Oct. 25, 2005 — -- When Mr. T took on Sylvester Stallone as Clubber Lang in "Rocky III," he sneeringly told reporters that his prediction for the fight was, "Pain!" Ironically, that's just about everyone's prediction for "Rocky VI" -- and like Mr. T, I pity the fool.

Stallone announced last week that he'll begin filming in December, nearly 30 years after the original "Rocky" came out of nowhere to beat "All the President's Men," "Network" and "Taxi Driver" as the Academy Award's best picture of 1976.

It's hard to tell where Stallone -- a 59-year-old sequel machine -- will take the film, dubbed "Rocky Balboa." A decrepit Rocky may now be battling a leaky bladder, at least that's the joke going around Hollywood.

This much is clear: The new movie finds the ex-champ back in Philadelphia, low on cash and lonely after the passing of his wife, Adrian. He takes on a few exhibition bouts, and that somehow snowballs into a media event, with a challenge coming from reigning champ Mason "The Line" Dixon.
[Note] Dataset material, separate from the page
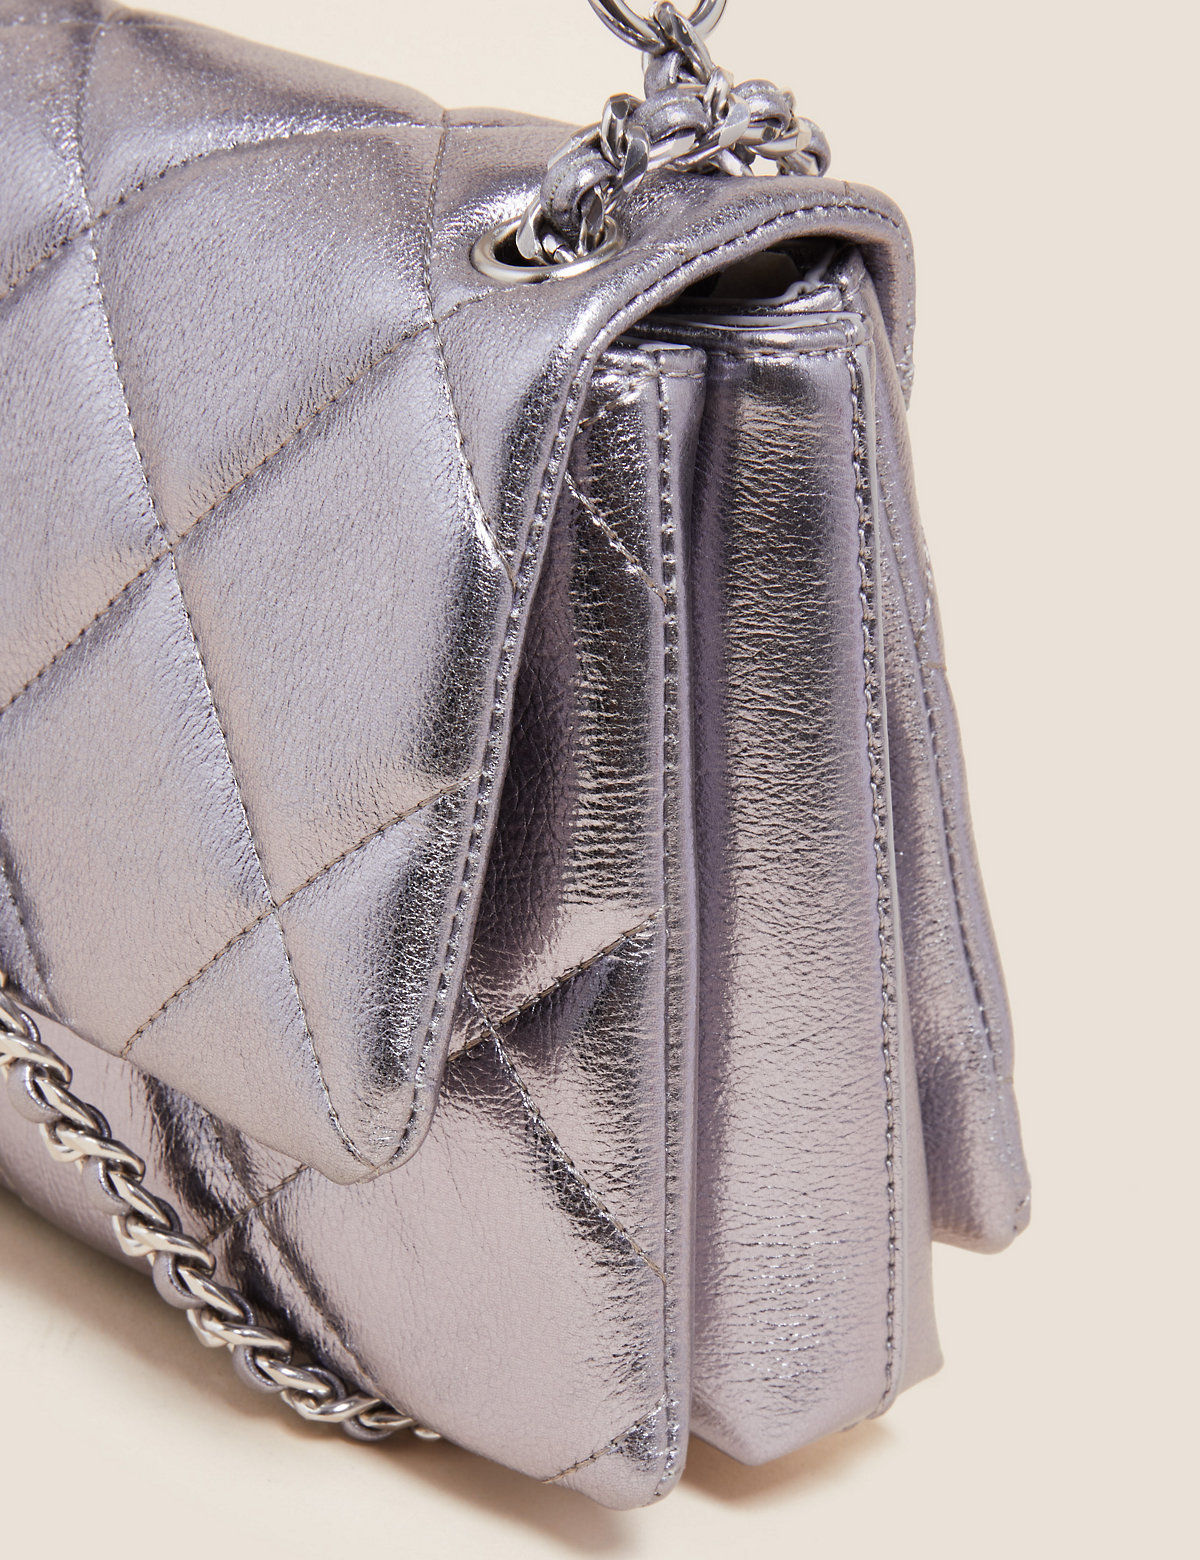 Faux Leather Chain Strap Shoulder Bag

"I am drawing on a lot of my feelings that are in sync with many people's feelings about facing the last chapter of their lives and how they want it to be written," says Stallone in a prepared statement.

To be sure, "Rocky IV" has got to be better than "Rocky: The Musical," and that's a project -- no joke -- that Stallone has battled with MGM in recent years to get off the ground.

'Stop (Making Sequels)! Or My Mom Will Shoot'

If all this smells of career desperation, consider that His Royal Slyness has gone from $20-million-a-picture paydays to straight-to-DVD hell. The "So Bad They're Funny" section of your local video store is virtually the only place you'll find "Avenging Angelo," "Shade" and "D-Tox" (originally titled "Eye On You"). Those are Stallone's last three films, if you discount his supporting work as a fiendish toymaker in "Spy Kids: 3D: Game Over."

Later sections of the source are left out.